■ **THE PROBLEM**: In the entries below, begin at the line that has "Комуникации.нет на iPad" and stop after the line that has "phoenix suns jersey nike"; output those lines exactly, leaving out pictures.

■ **GIVEN RECORDS**:
☆ ☆ ☆ ☆

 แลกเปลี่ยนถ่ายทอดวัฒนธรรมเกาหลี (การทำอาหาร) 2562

☆ ☆ ☆ ☆

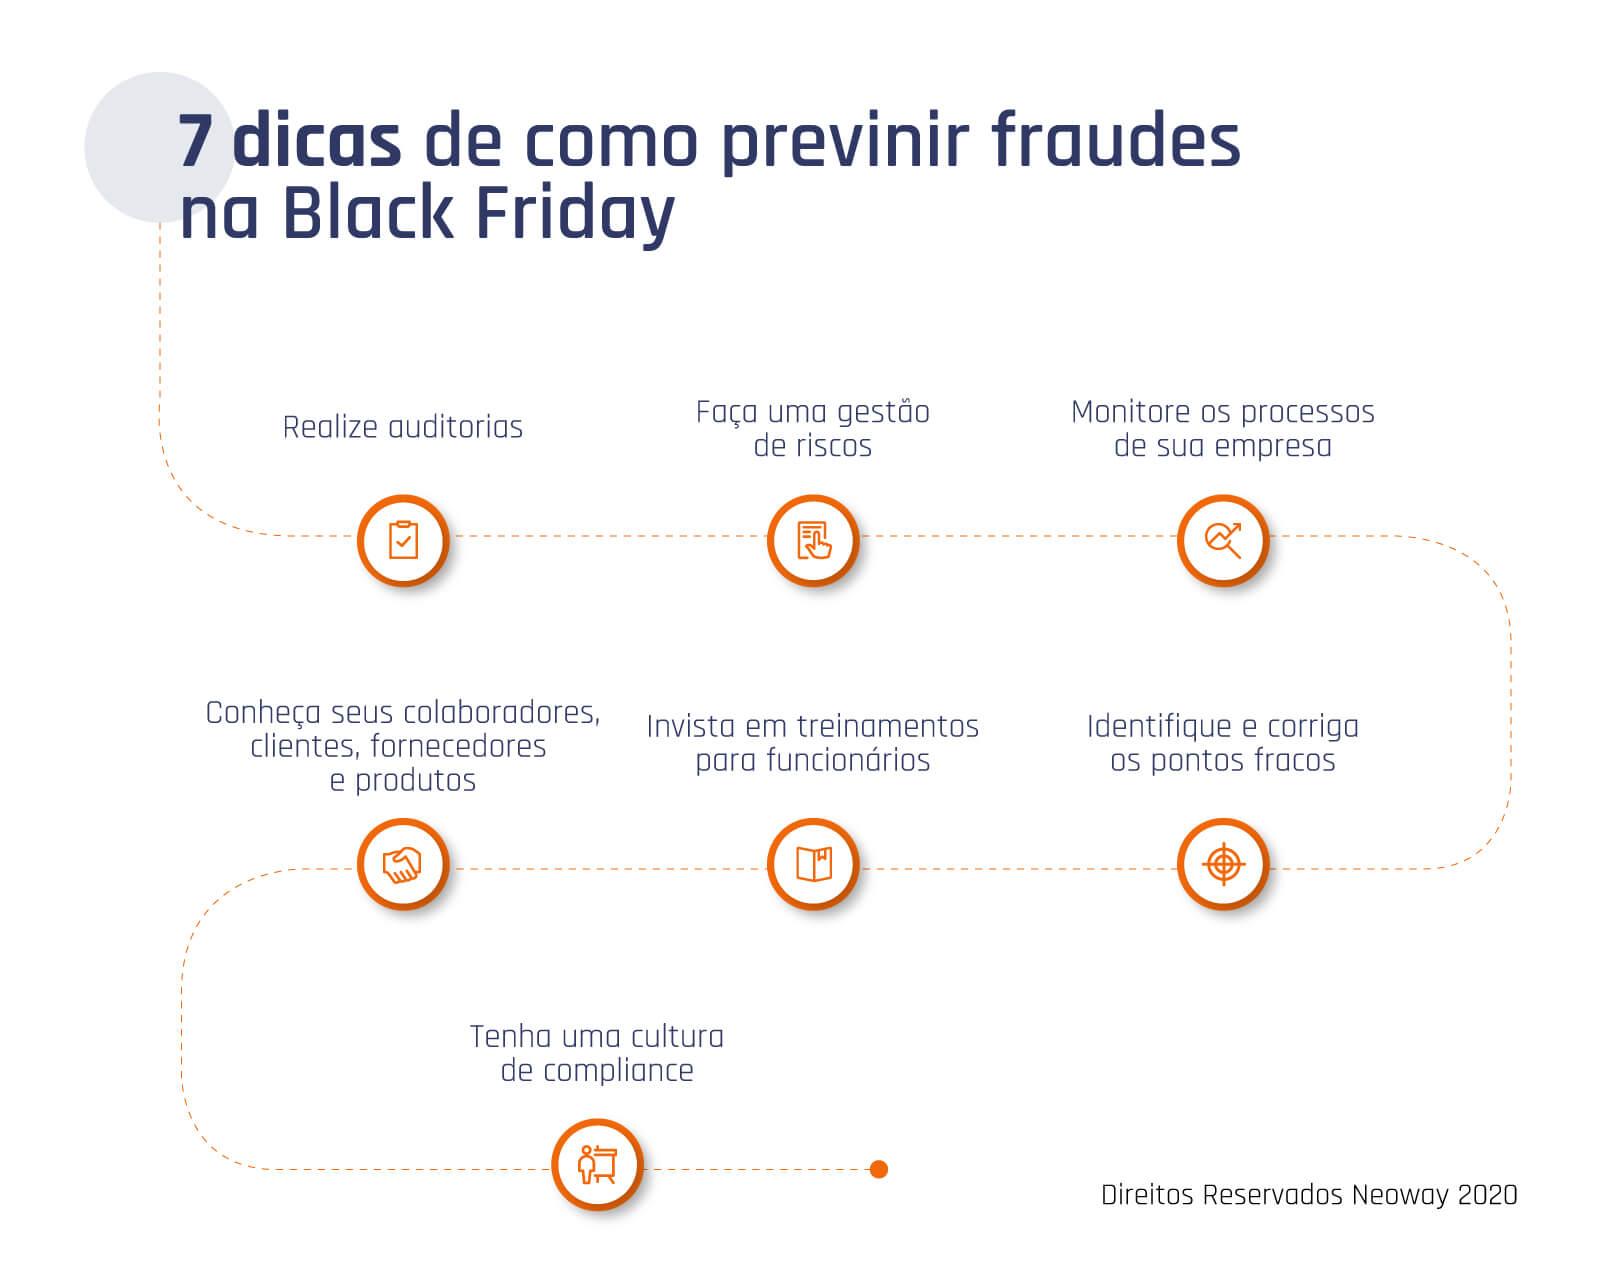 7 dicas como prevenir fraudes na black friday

☆ ☆ ☆ ☆

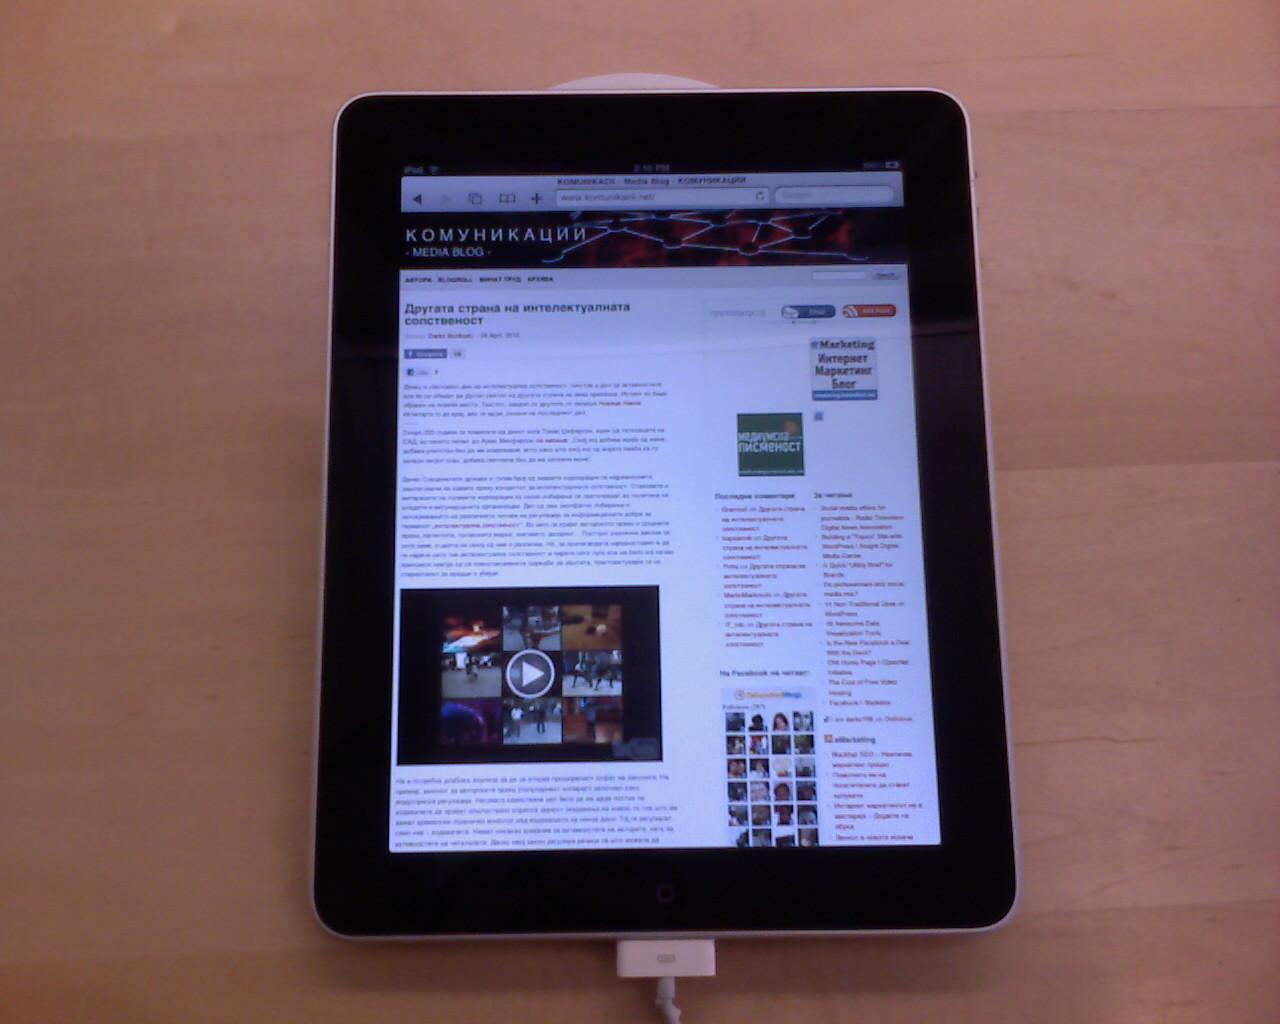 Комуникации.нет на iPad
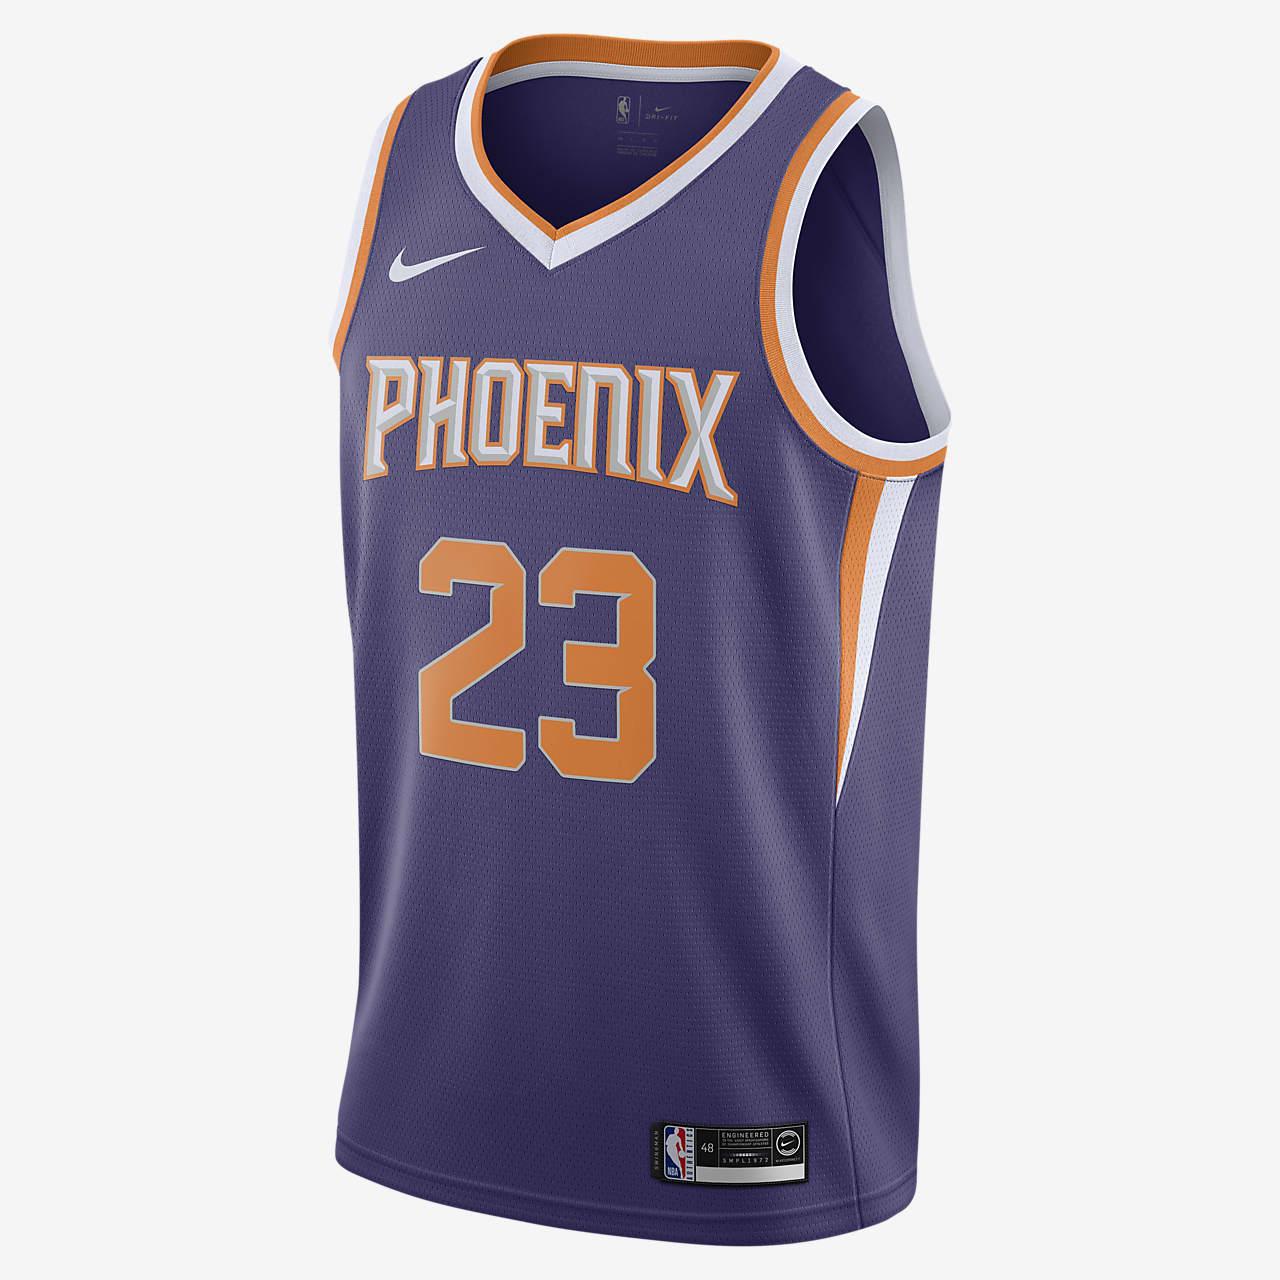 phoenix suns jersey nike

☆ ☆ ☆ ☆

■ **ANSWER SPACE**:
 Комуникации.нет на iPad
 phoenix suns jersey nike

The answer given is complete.